[Opening Stored data section]

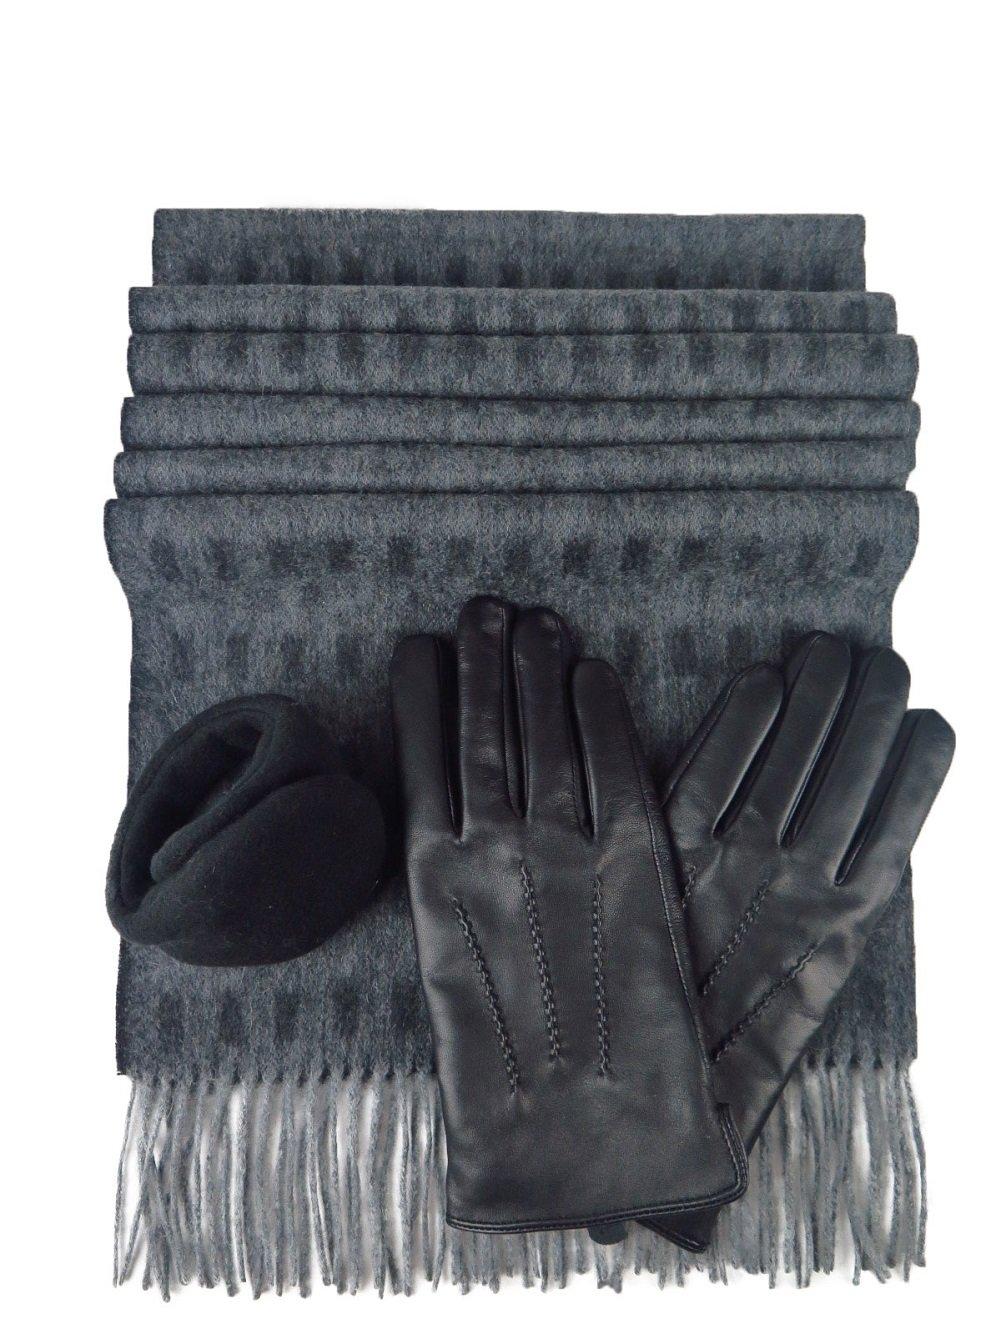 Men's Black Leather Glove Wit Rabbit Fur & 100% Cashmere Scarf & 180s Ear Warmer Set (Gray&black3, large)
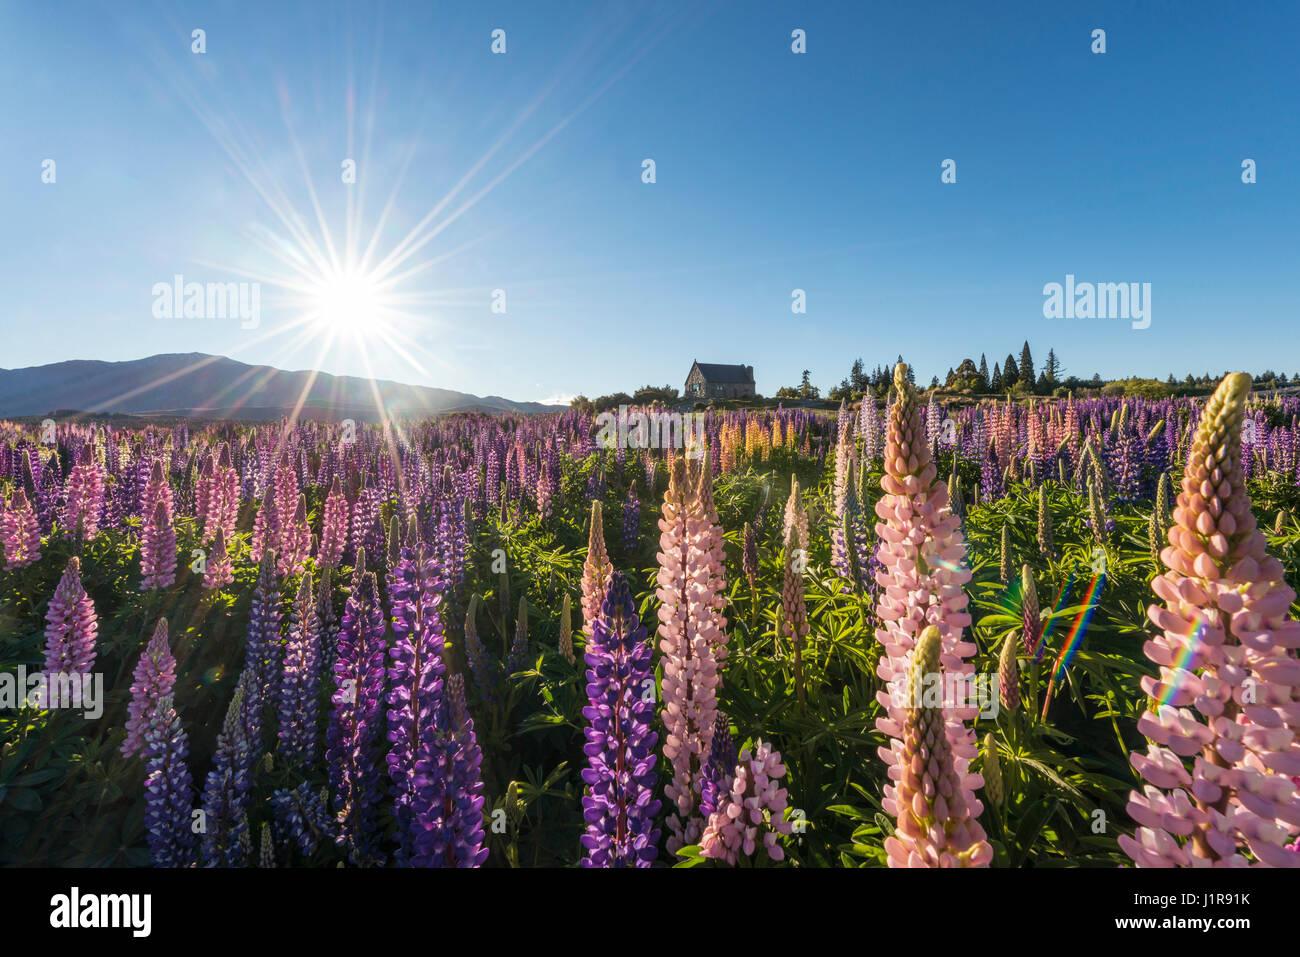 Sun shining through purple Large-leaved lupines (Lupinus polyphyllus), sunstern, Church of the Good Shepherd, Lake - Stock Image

[Closing Stored data section]
[Opening Stored data section]

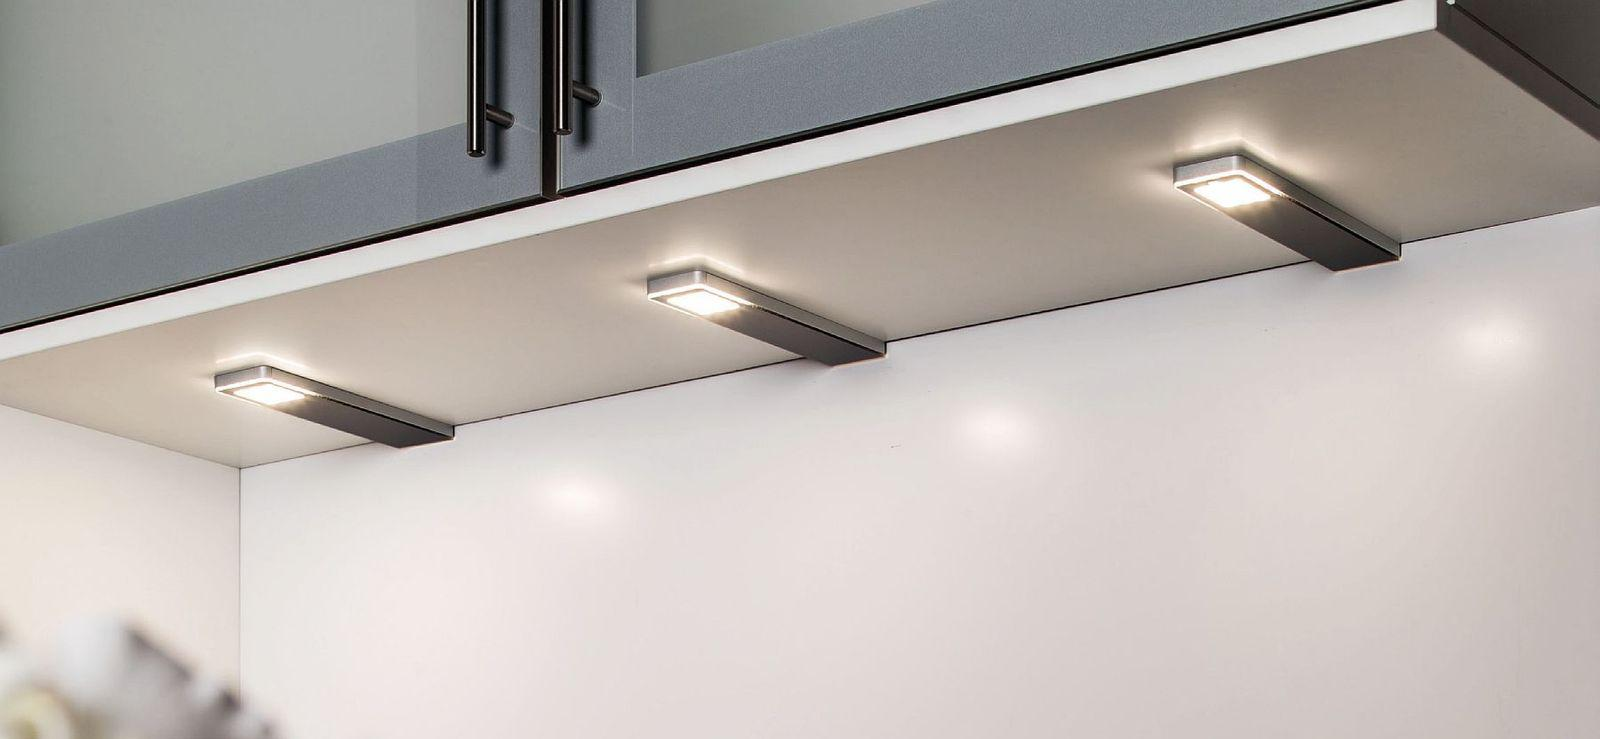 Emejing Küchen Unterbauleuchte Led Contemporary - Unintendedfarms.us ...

[Closing Stored data section]

→ **Exercise description**
When you reach the line holding "Men's Black Leather" in the listing above, begin retyping exactly, and stop once the line holding "Sun shining through" is done; pictures stay out.

→ **Answer space**
 Men's Black Leather Glove Wit Rabbit Fur & 100% Cashmere Scarf & 180s Ear Warmer Set (Gray&black3, large)
 Sun shining through purple Large-leaved lupines (Lupinus polyphyllus), sunstern, Church of the Good Shepherd, Lake - Stock Image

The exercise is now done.